Available data:
+--
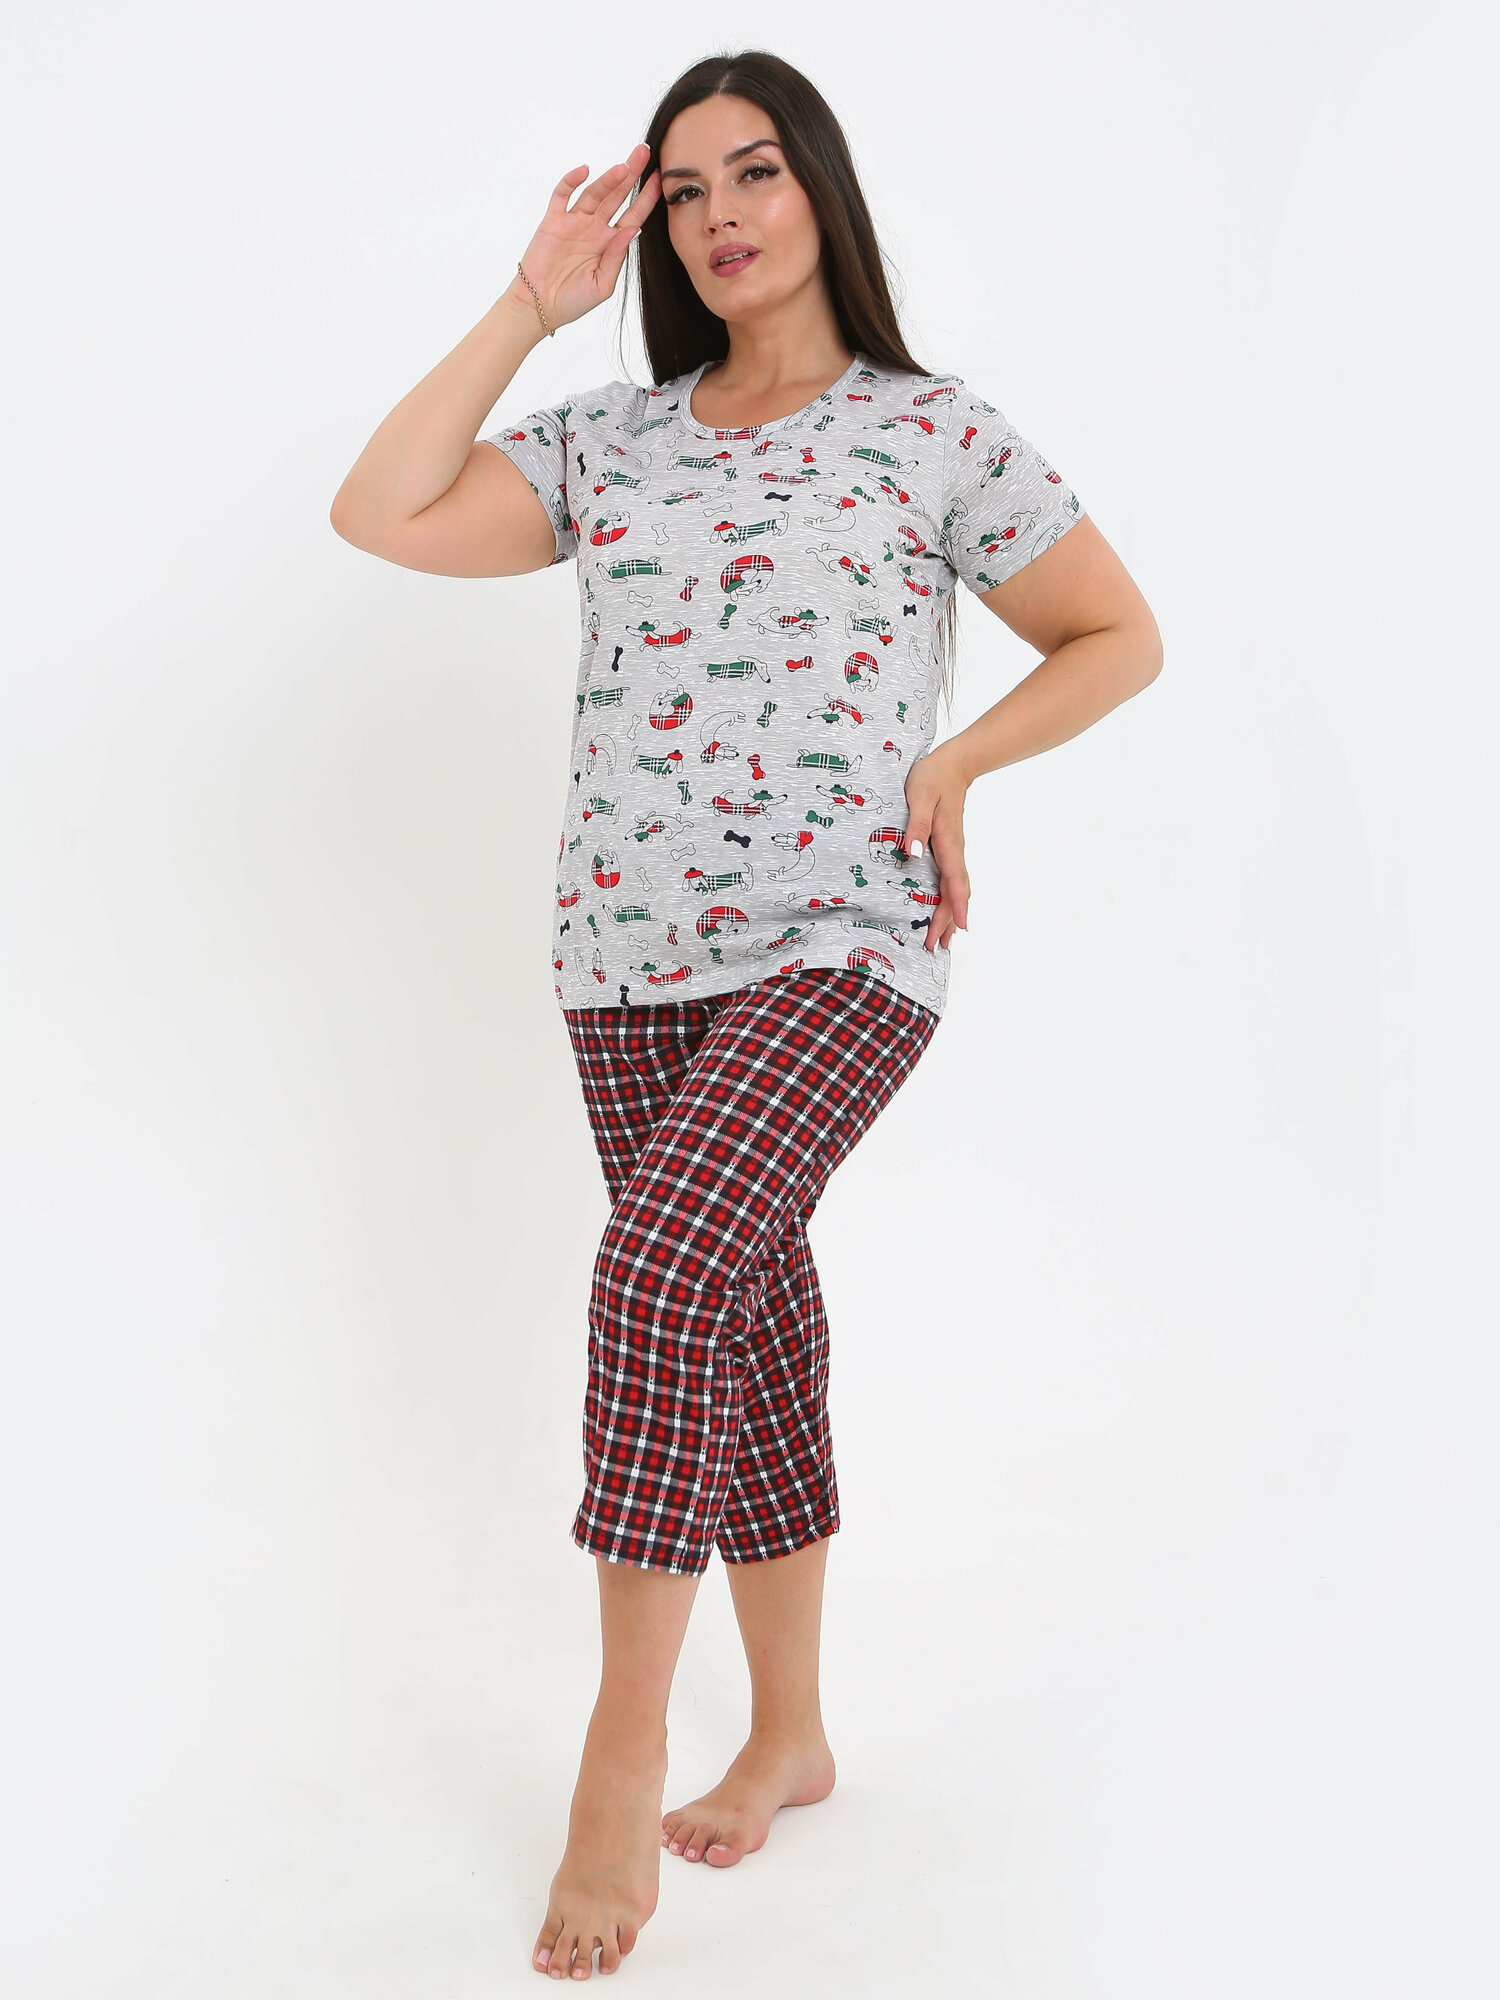 Пижама Soft Home, футболка, бриджи, короткий рукав, трикотажная, карманы, размер 52, серый - фотография № 3
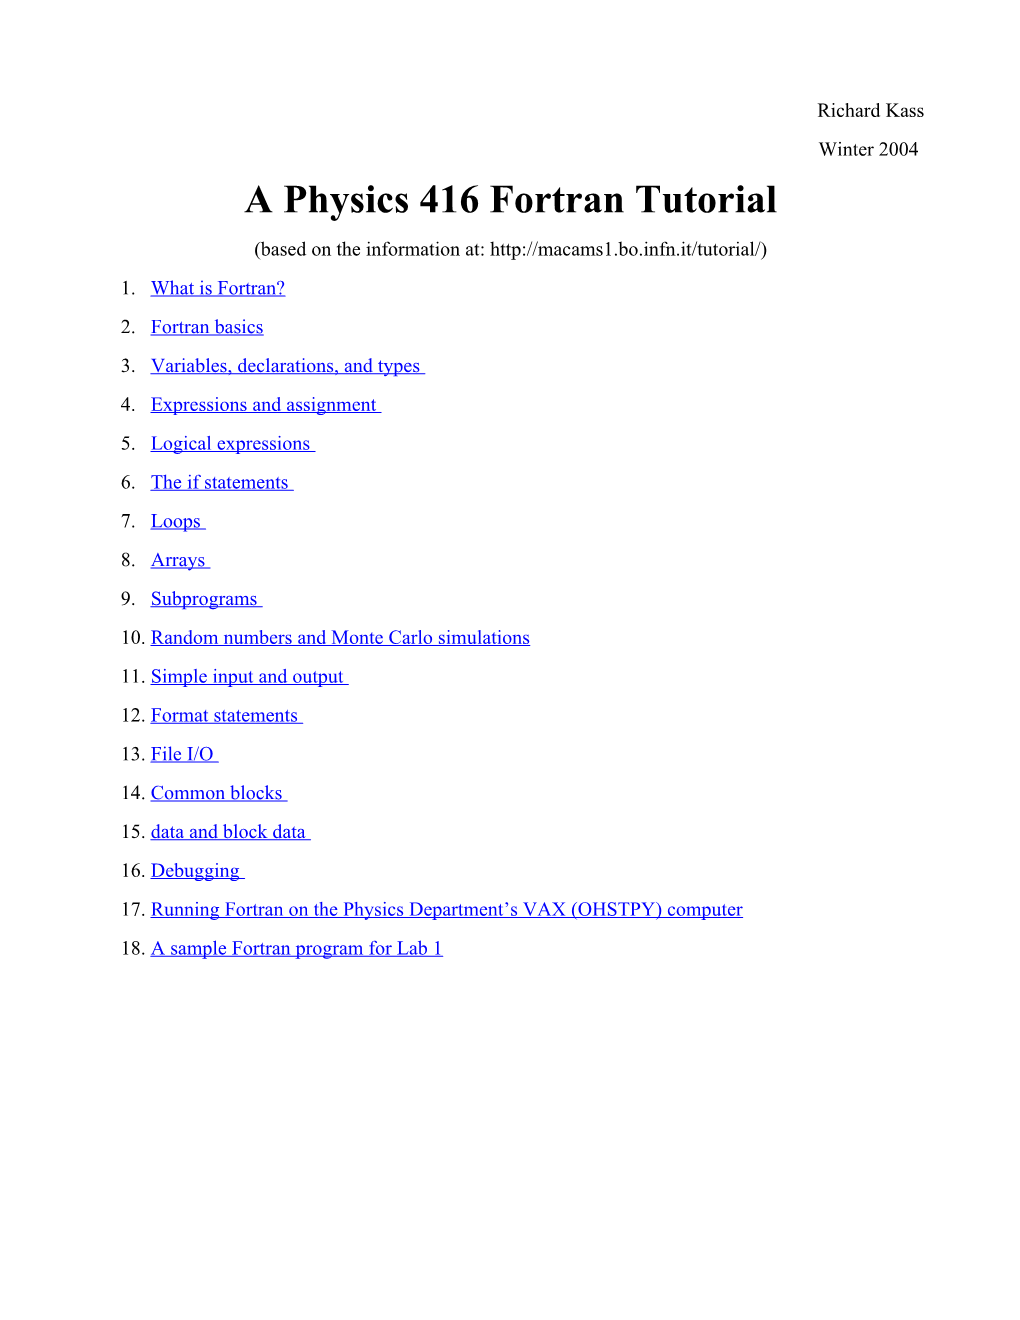 A Physics 416 Fortran Tutorial
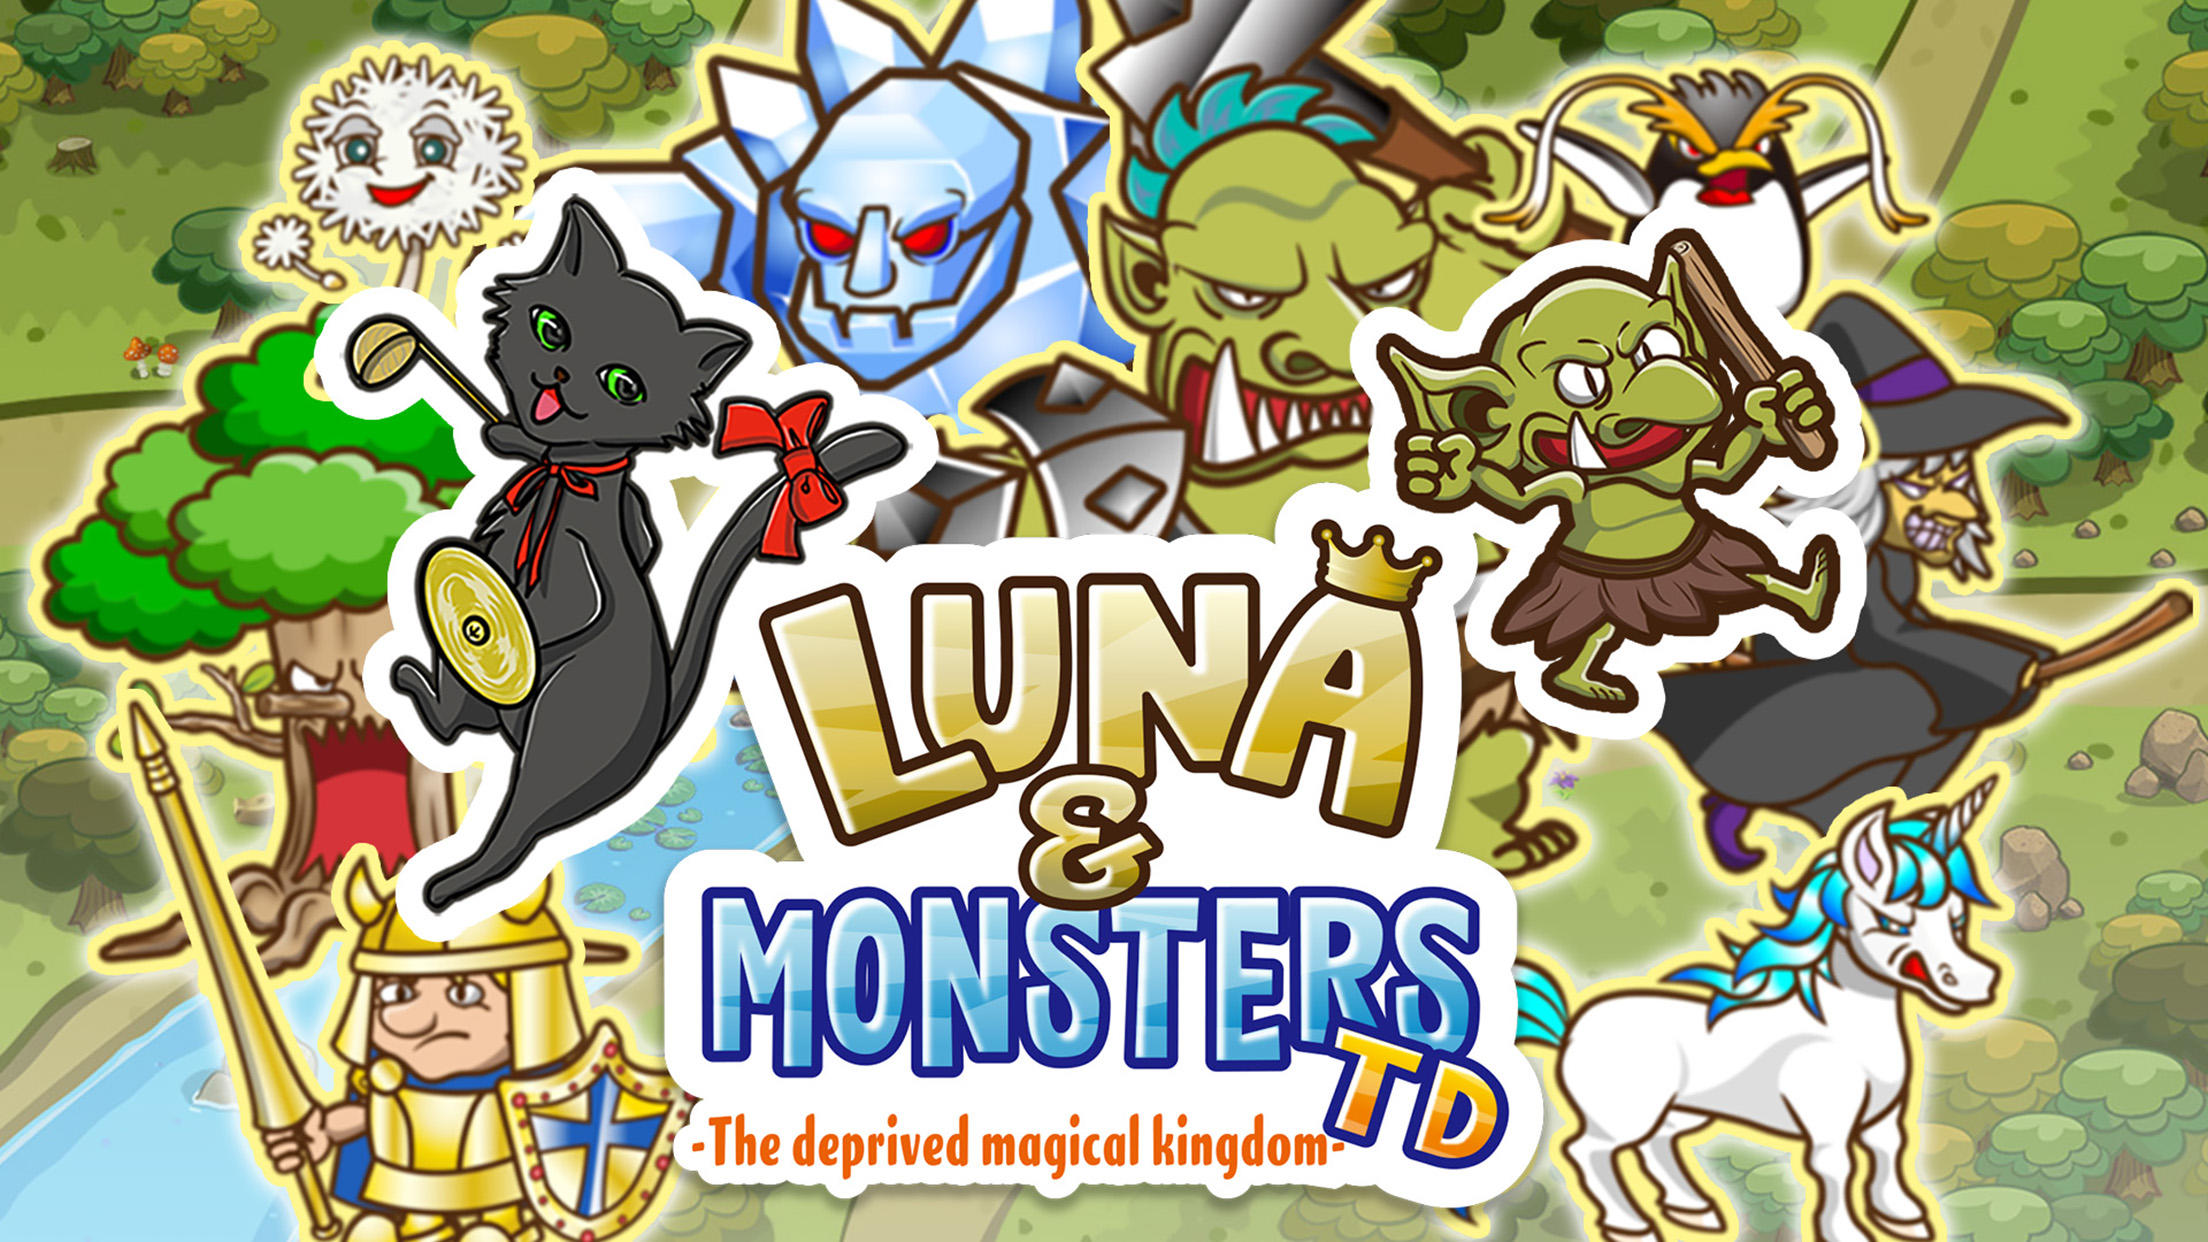 Screenshot 1 of Luna & Monsters หอคอยกลาโหม
+--
Task brief:
Copy the listing above exactly, minus the pictures.

Response to the exercise:
 Пижама Soft Home, футболка, бриджи, короткий рукав, трикотажная, карманы, размер 52, серый - фотография № 3
 A Physics 416 Fortran Tutorial
 Screenshot 1 of Luna & Monsters หอคอยกลาโหม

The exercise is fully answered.